This question is a bit involved so thanks for your patience. After a lot of work I could show that each $b$ that satisfies this equation corresponds to another smaller integer say $s$ which satisfies the equation. here are the formulas for the solutions. $$t=s\pm\sqrt{2s^2+1}\tag{1}$$
$$x=3t\pm2\sqrt{2t^2-1}\tag{2}$$
$$y=\pm\sqrt{tx-1}\tag{3}$$
$$b=2x+y\tag{4}$$
$$a=3x+y\tag{5}$$ for nonzero $t$ and $x$. Let $x_+$ and $x_-$ denote the $x$ with the positive sign and negative sign respectively and define $y_+$ and $y_-$ similarly. Use the following rules: If you choose positive $t$ not $1$ you may choose any one of the $x$s, but you must choose $y_+$ if you take $x_+$. If $t=1$ you may take both $x$s and with $x_+$ you must choose only $y_+$. If you take $t$ positive and choose $x_-$ you must choose $y_-$, this last solution repeats the previous solutions but it generates one the others don't when $s=2$ , $t=5$ , $x_-=1$ , $y_-=-2$ , $b=0$ , $a=1$. There are similar rules for negative $t$ but they are just the negatives of the previous solutions. I (think) I could prove that no $s$ can lead to a $b=s$ since all solutions either get smaller or larger but the absolute value always increases except for the case I singled out which leads to $b=0$, which implies that this is the complete set of solutions. I noticed that the values of $b$ increase and at some point they reach a constant ratio which is roughly $\phi=93222358/15994428$ and I used this to derive the function $$f(x)=\phi^{\left(x-11\right)}93222358$$ which is extremely accurate at first and almost exact for $x\ge7$. It gives the $x$-th nonzero value of $b$ where the zeroth value is just $0$. Here's where it gets interesting, I noticed a pattern among the $a$s, that for nonzero even $x$, $a$ can be written in the form $a=c_1^2-1$ and for odd $x$, $a=\ c_2^2+1$. I checked this until $x=15$ and it holds. Also, another reason to believe that $a$ can't be a square is that while I was trying to prove Fermat's last theorem for $n=4$ (where this equation came up), I could reduce the proof to verifying that that no such $a$ can be a square.

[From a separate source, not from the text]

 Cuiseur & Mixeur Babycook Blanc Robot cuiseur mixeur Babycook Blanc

Of course, I'm a lot more interested now than when I first encountered the equation and I want to prove this pattern.
Best Answer
I think there is a MUCH more elementary way to solve this.

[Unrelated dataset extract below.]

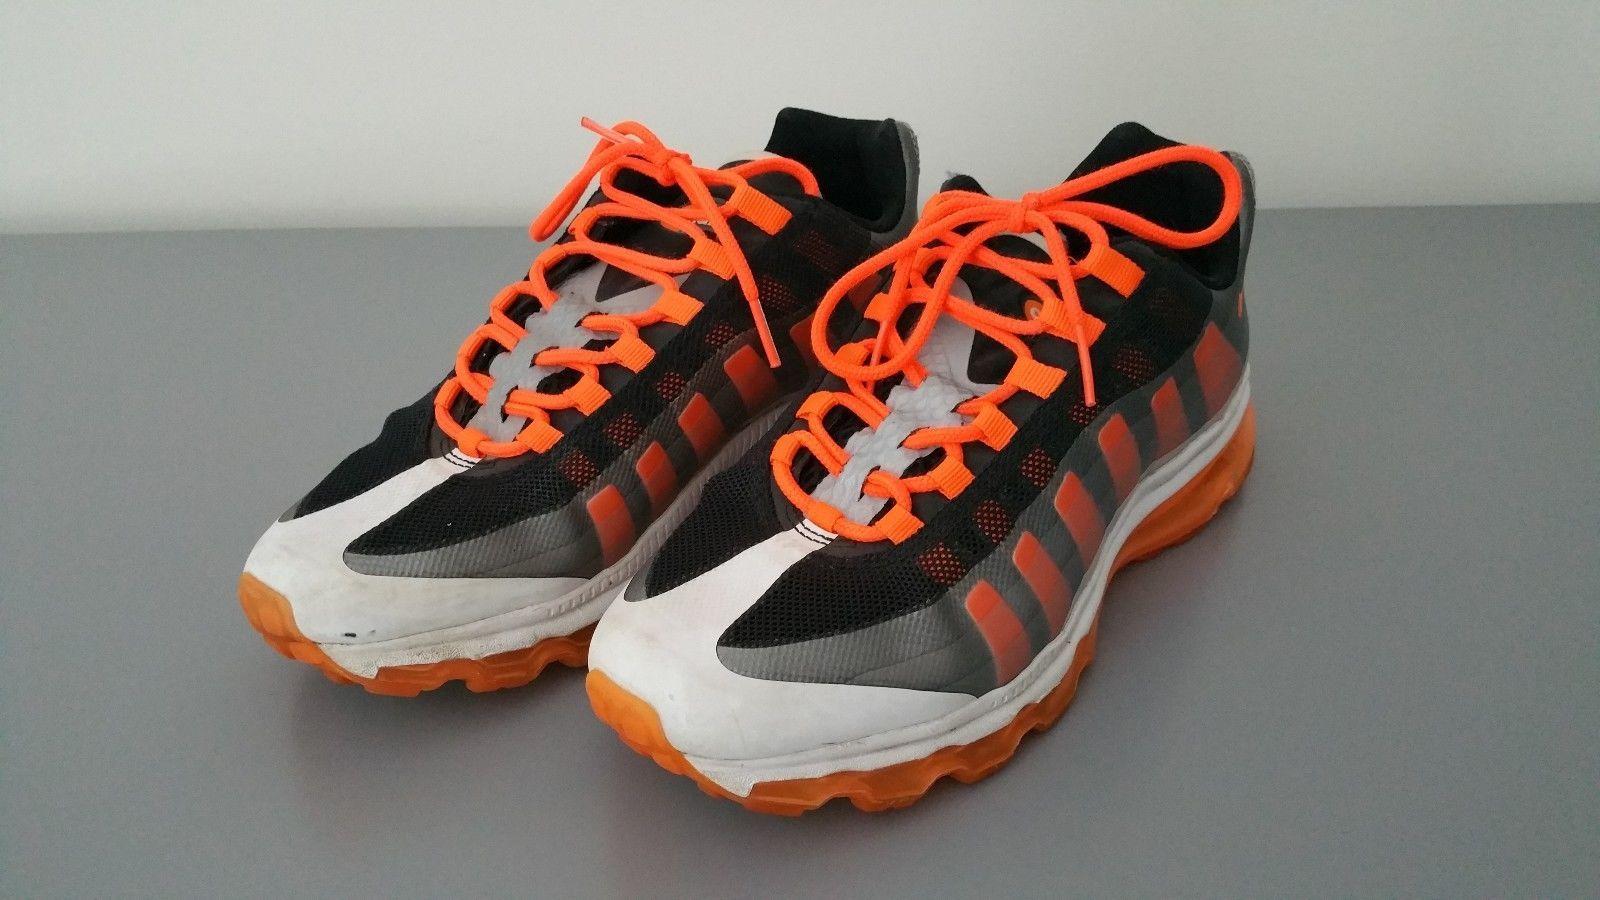 Nike 512169-007 GS Air Max 95 BB Running Shoes Orange Black White Size 7Y

Note that $a$ must be odd. So $a=2n+1$ for some integer $n$.
Solving $(2n+1)^2 = 1+2b^2$ gives $(2n^2+2n) = b^2$ which gives $2(n+1)n$ a perfect square.
This implies that if $n$ is even, then $n+1$ must be an odd square [indeed suppose $p^e$ divides $n+1$ for some odd prime $p$ and some positive integer $e$, then as $p$ does not divide $2(n+1)$ it follows that $e$ must be even] and thus $2n$ an even square $c^2$. So here $a=c^2+1$. And if $n$ is odd then $2(n+1)$ must be an even square $c^2$. So here $a=(2n+2) -1$ which is $c^2-1$.